Part of Jane Street's Core library The Core suite of libraries is an industrial strength alternative to OCaml's standard library that was developed by Jane Street, the largest industrial user of OCaml.
Published: 15 Dec 2017
Bin_prot - OCaml Type Converter for Binary Protocols
This library contains functionality for reading and writing OCaml-values in a type-safe binary protocol. It is extremely efficient, typically supporting type-safe marshalling and unmarshalling of even highly structured values at speeds sufficient to saturate a gigabit connection. The protocol is also heavily optimized for size, making it ideal for long-term storage of large amounts of data.
The library is highly dependable and safe to use: a rigorous test suite has to date guaranteed that this library has never exhibited a bug in production systems in several years of use.
Bin_prot has been successfully deployed in mission-critical financial applications, storing many terabytes of structured data derived from thousands of type definitions and typically processing millions of messages a day in realtime for low-latency applications that must not crash.

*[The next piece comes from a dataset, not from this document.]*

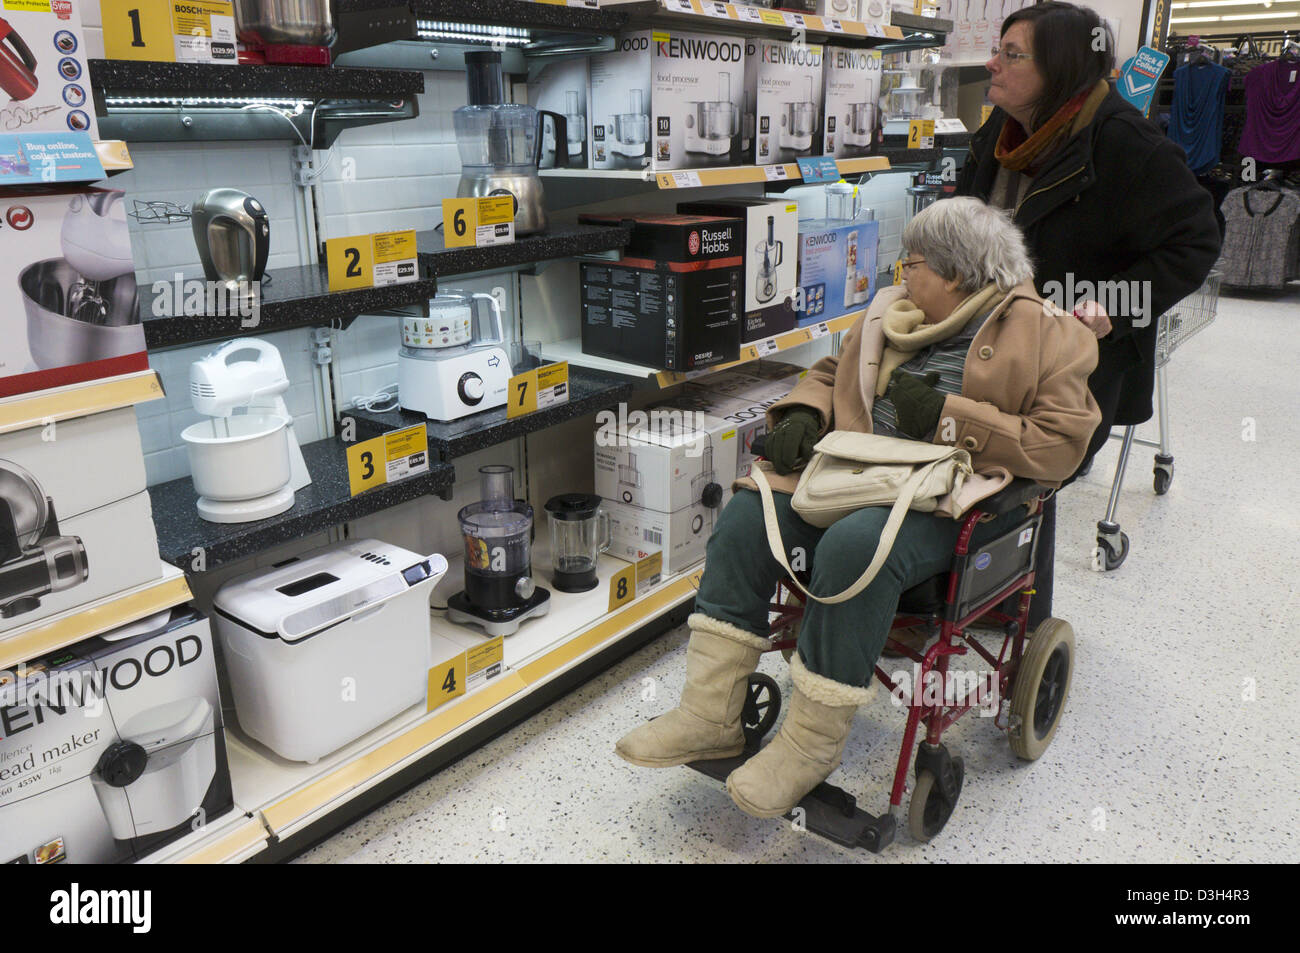 Eine ältere Dame im Rollstuhl und ihre Betreuer oder Helfer Blick auf Küchenutensilien elektrische Produkte in einem Supermarkt. Stockfoto

Since version two this library should work with all CPU architectures currently supported by OCaml, no matter the word size (32 or 64 bit), alignment requirements, or endianness. Endianness defines the byte order in which machine representations of integers (machine words) are stored in main memory.
Bin_prot provides users with a convenient and safe way of performing I/O on any extensionally defined OCaml type (see later sections for details). Functions, objects, first-class modules, as well as values whose type is bound through a polymorphic record field are hence not supported. This is hardly ever a limitation in practice.
As of now, there is no support for cyclic or shared values. Cyclic values will lead to non-termination whereas shared values, besides requiring more space when encoded, may lead to a substantial increase in memory footprint when they are read back. It would not be trivial to support these kinds of values in a type-safe way without noticeably sacrificing performance. If these kinds of values are needed, the user may want to use the as of today still unsafe marshalling functions provided by OCaml.
This library uses the machine stack for efficiency reasons. This can potentially lead to a crash if the stack limit is reached. Note that this is also a limitation of the (unsafe) standard marshalling functions shipped with OCaml. This problem can happen for large amounts of data if recursion in the type definition of the data structure is not limited to the last element. Only in the latter case will tail-recursion allow for (practically) unlimited amounts of data. If this exceedingly rare limitation ever turned out to be an issue in a user application, it can often be solved by redefining the data type to allow for tail-recursion. The limitation cannot be eliminated in this library without significant performance impact and increased complexity.
The API (
.mli-files) in the
bin_prot library directory (
lib) is fully documented, and HTML-documentation can be built from it on installation. The documentation for the latest release can also be found online.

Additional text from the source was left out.